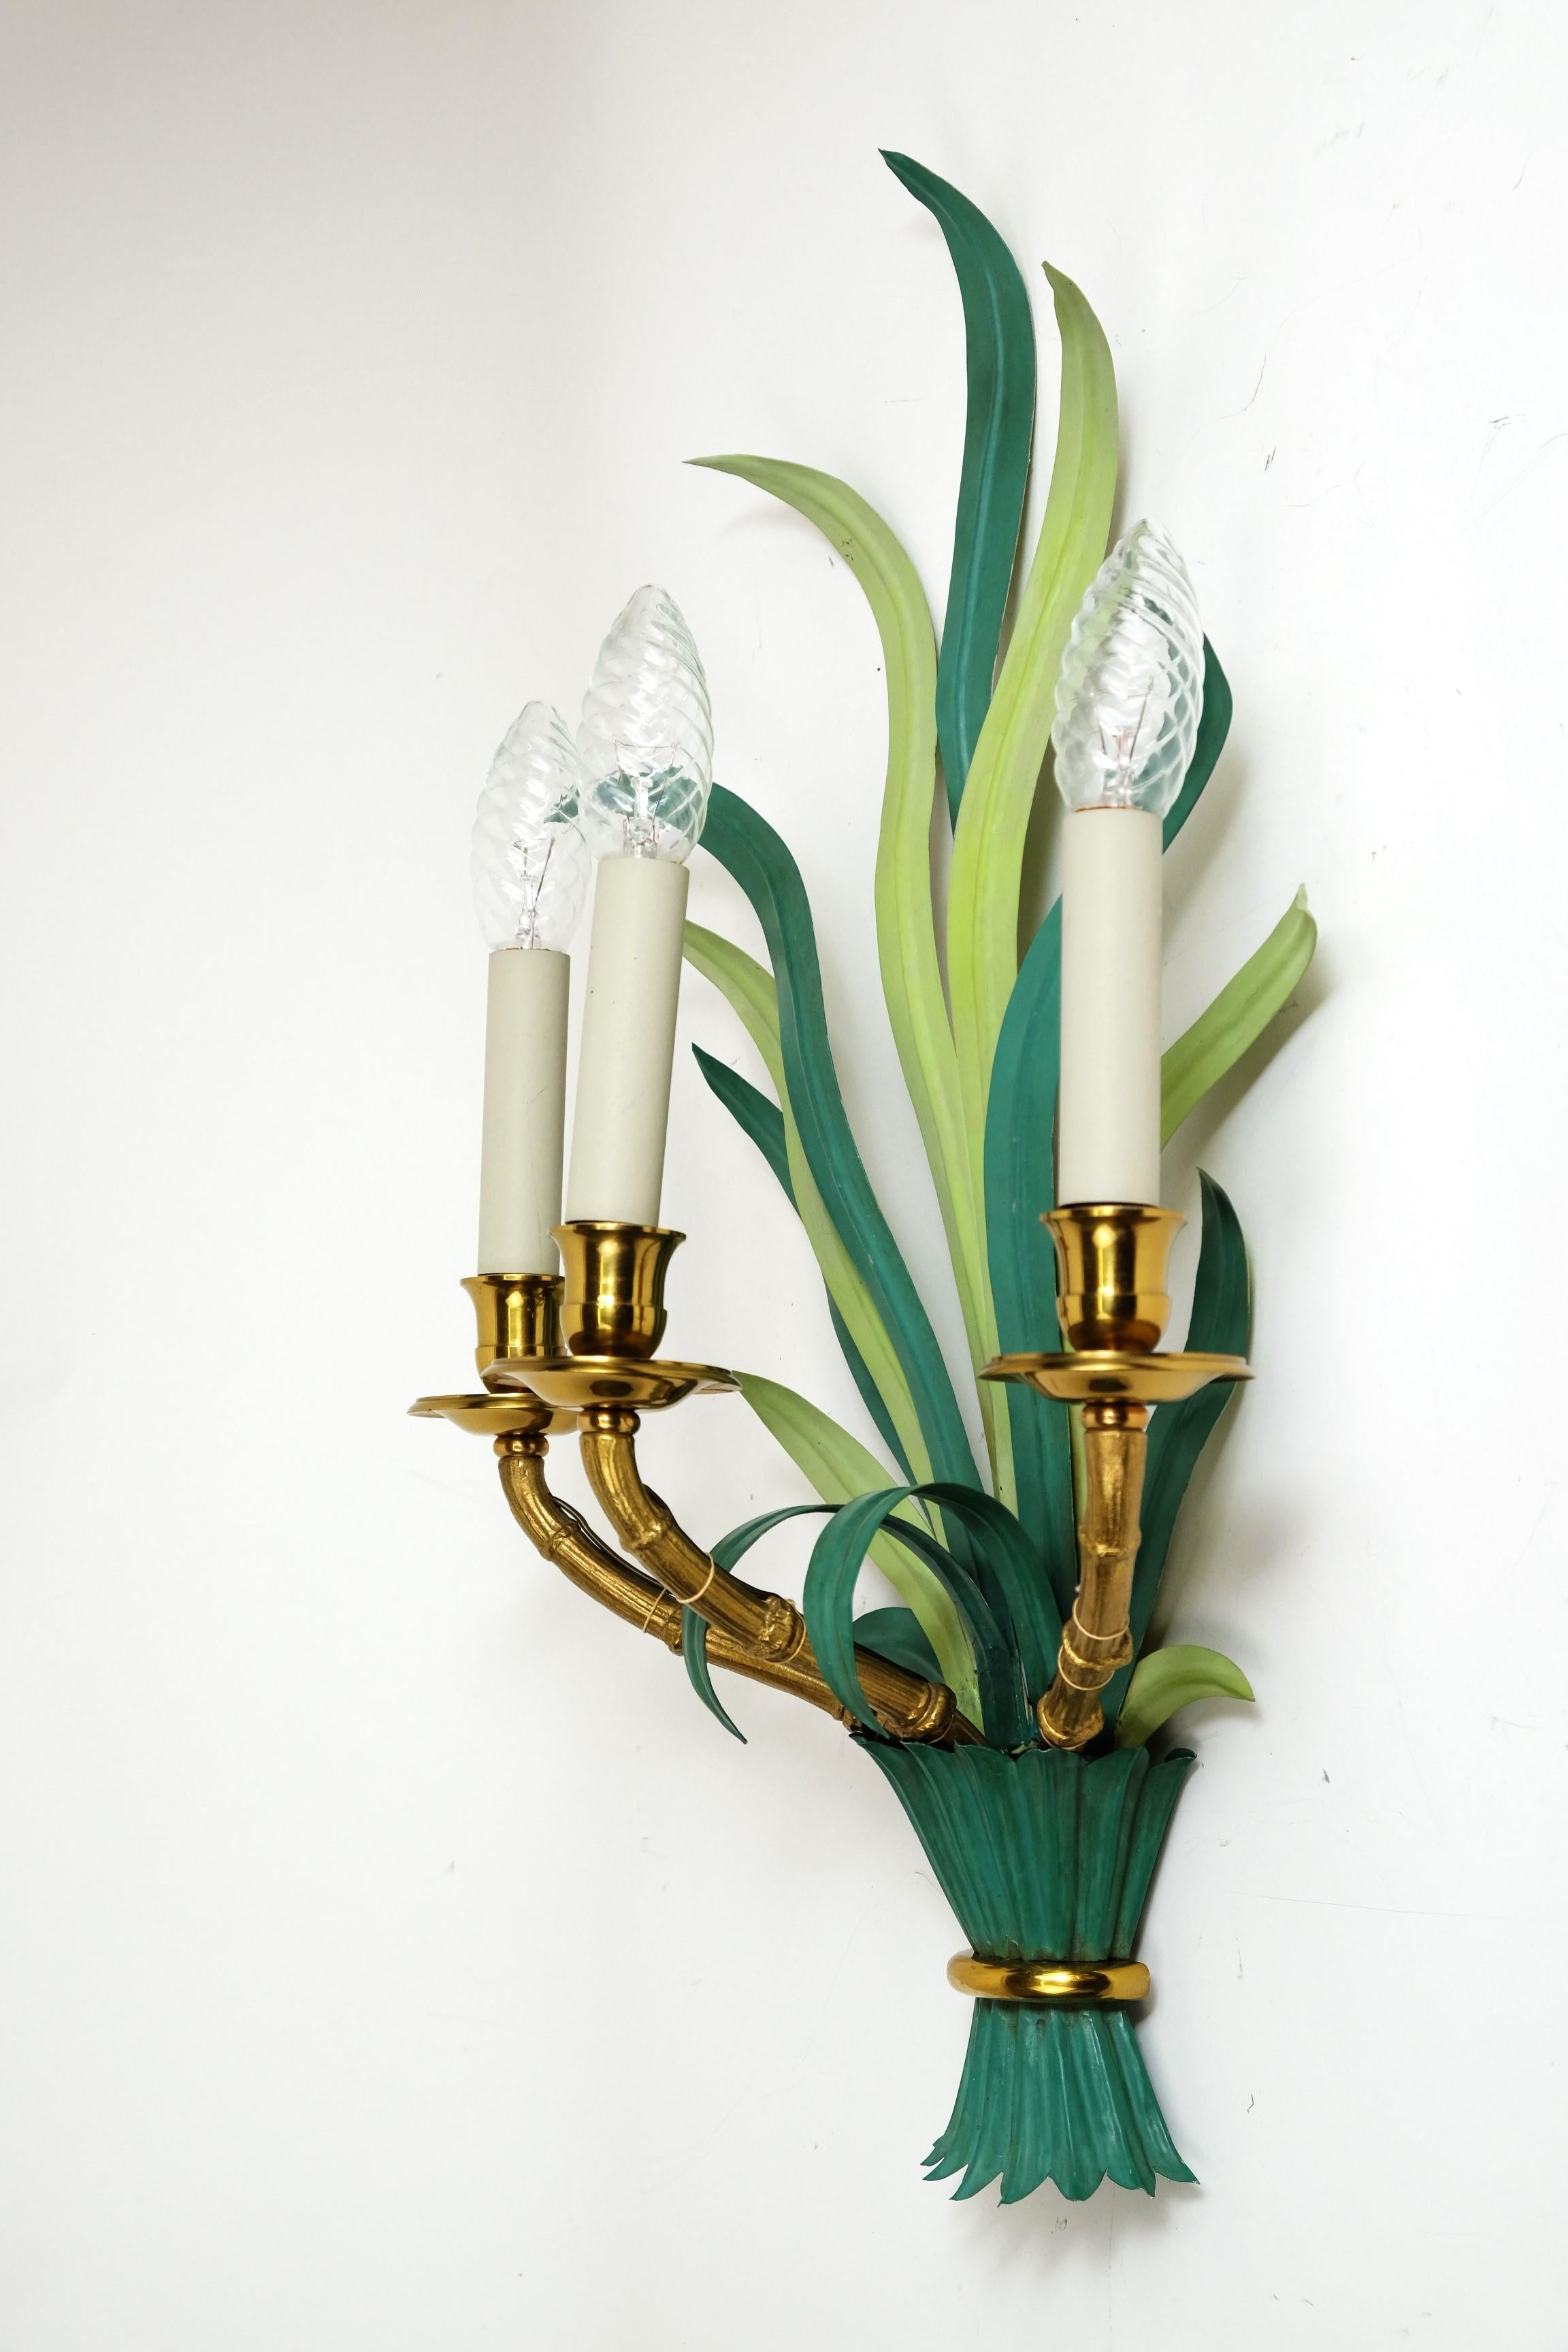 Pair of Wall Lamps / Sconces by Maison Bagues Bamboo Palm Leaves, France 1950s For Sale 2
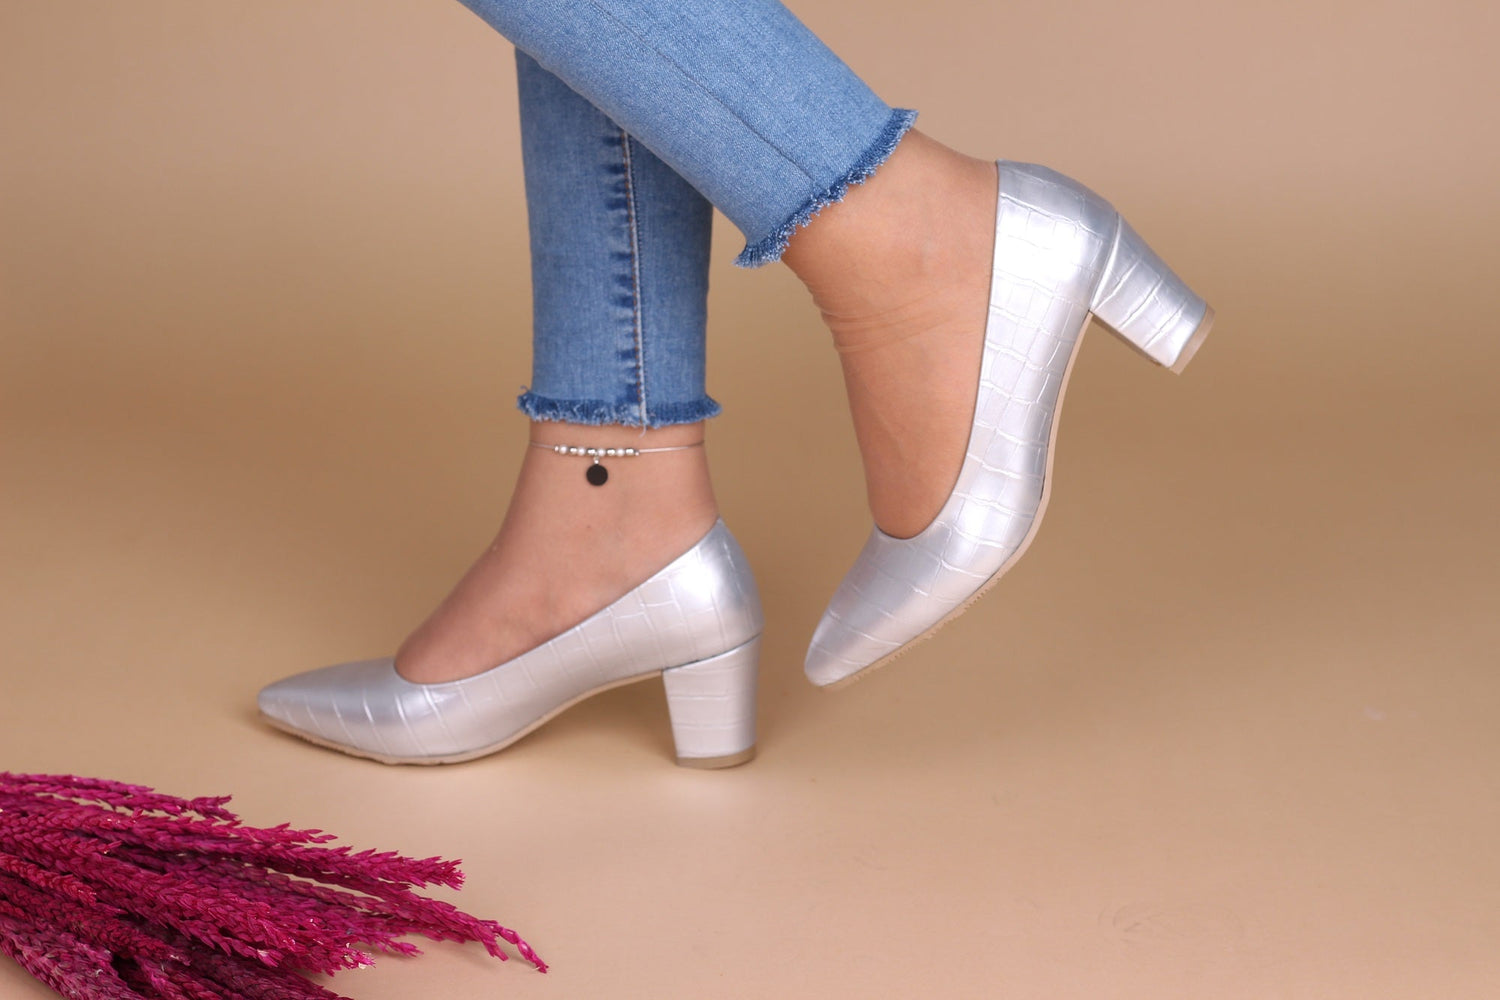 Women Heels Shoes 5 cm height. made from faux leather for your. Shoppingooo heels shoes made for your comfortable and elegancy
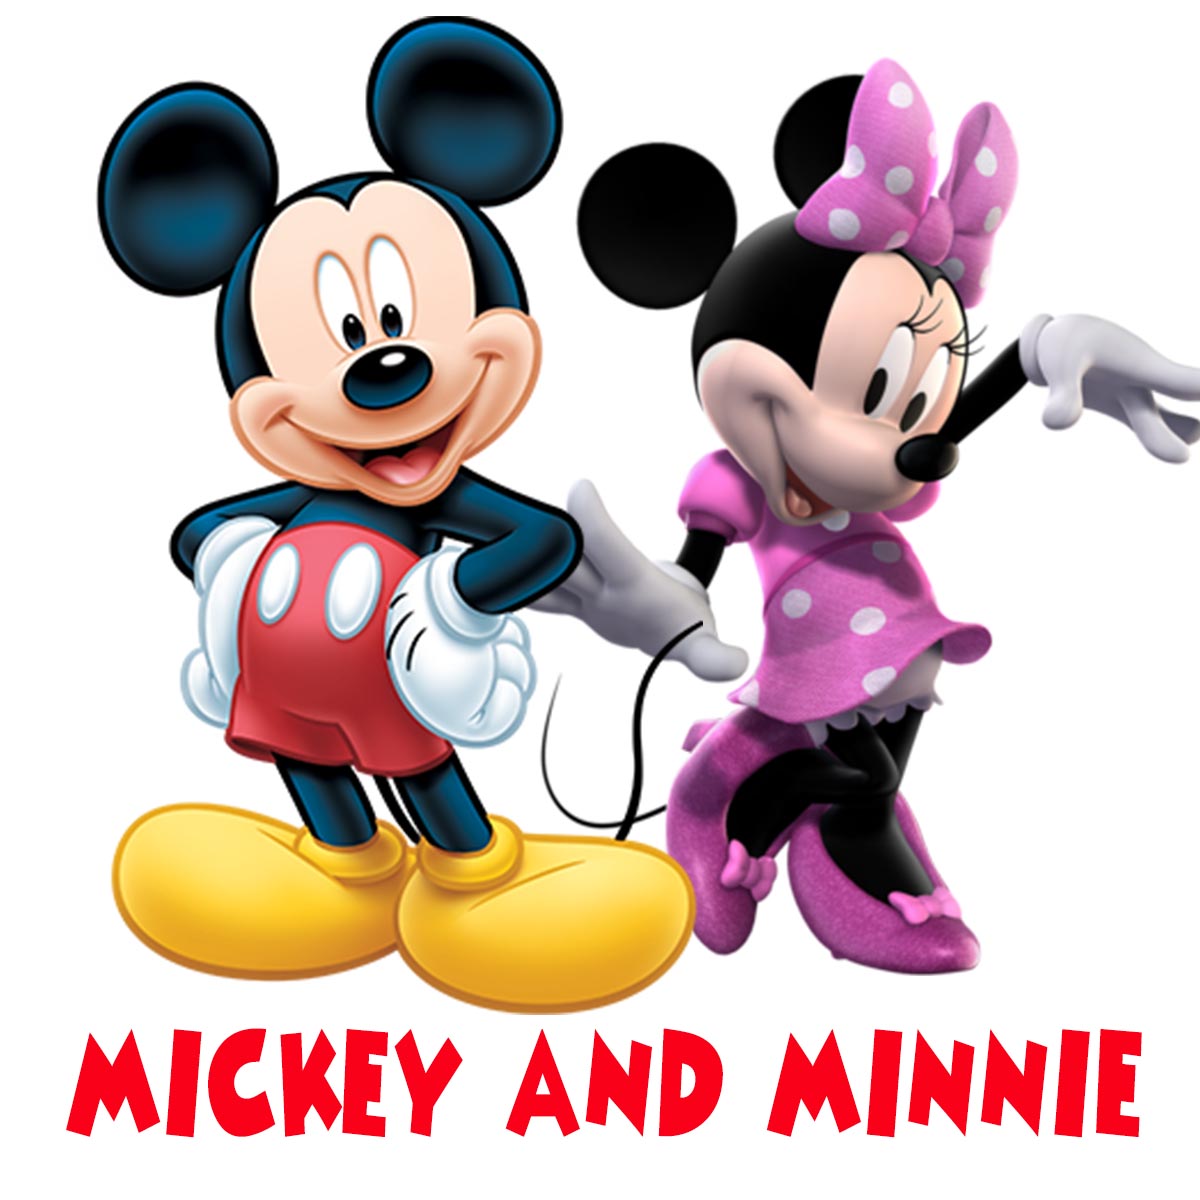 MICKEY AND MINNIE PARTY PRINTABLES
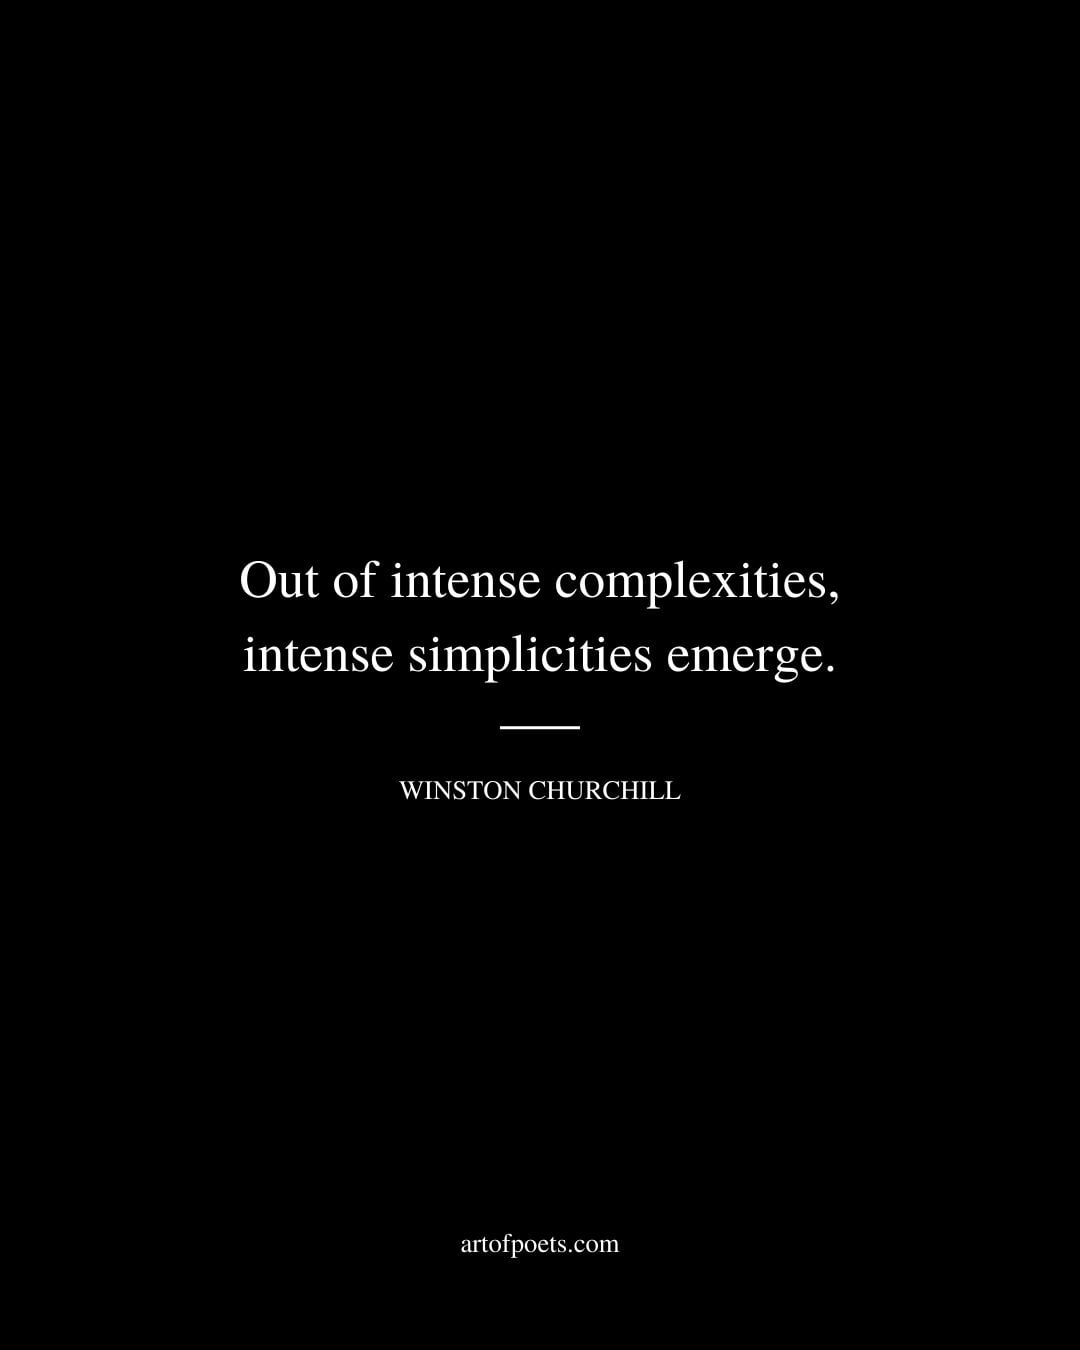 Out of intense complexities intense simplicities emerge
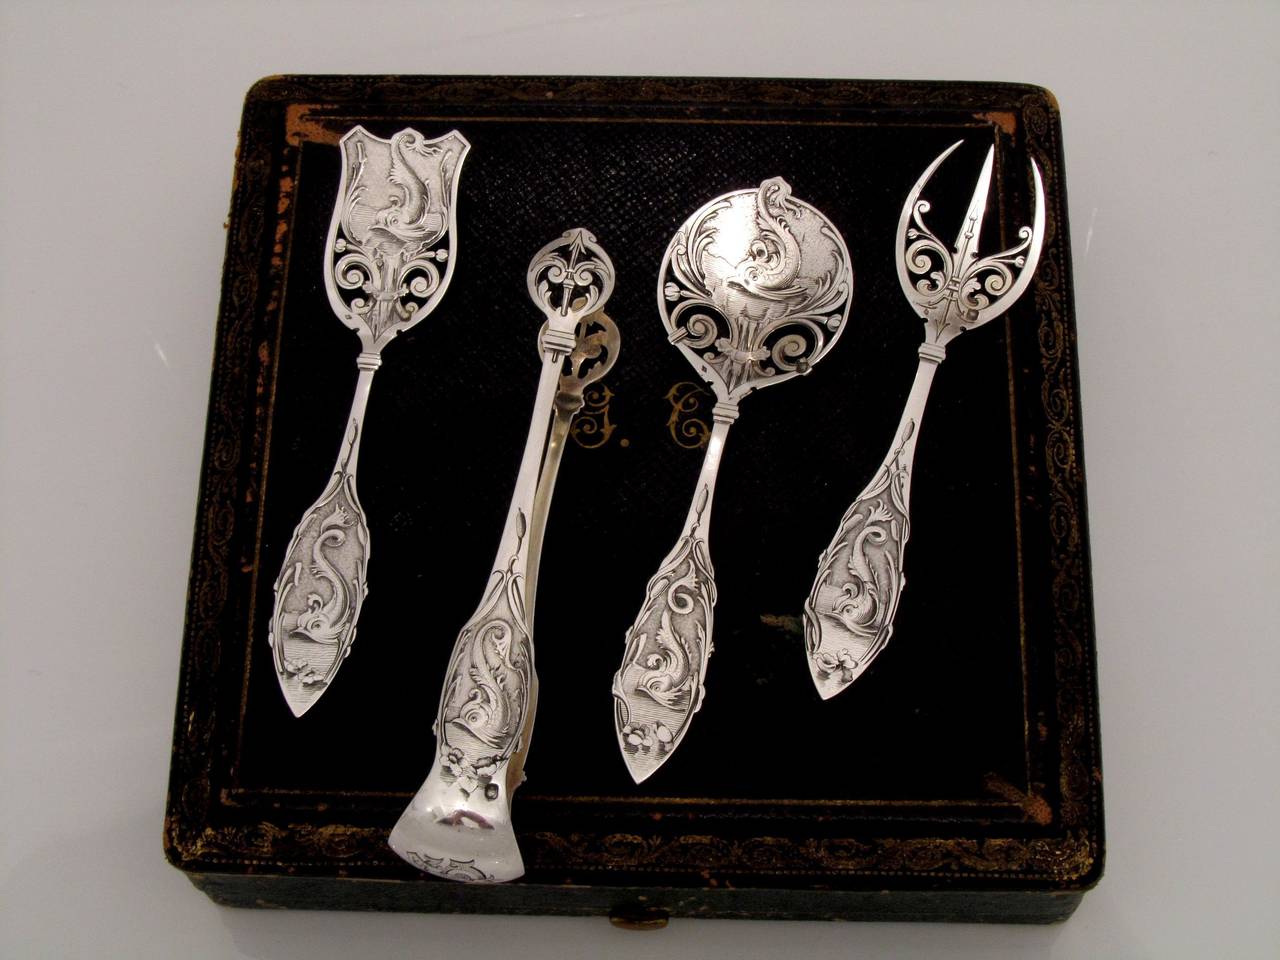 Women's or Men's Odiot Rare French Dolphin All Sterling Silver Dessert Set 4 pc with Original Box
::::::
EXERCISE BRIEF:
Transcribe the records above exactly and drop every picture.

SOLVED EXERCISE:
 Pair of Wall Lamps / Sconces by Maison Bagues Bamboo Palm Leaves, France 1950s For Sale 2
 Women Heels Shoes 5 cm height. made from faux leather for your. Shoppingooo heels shoes made for your comfortable and elegancy
 MICKEY AND MINNIE PARTY PRINTABLES
 Out of intense complexities intense simplicities emerge
 Women's or Men's Odiot Rare French Dolphin All Sterling Silver Dessert Set 4 pc with Original Box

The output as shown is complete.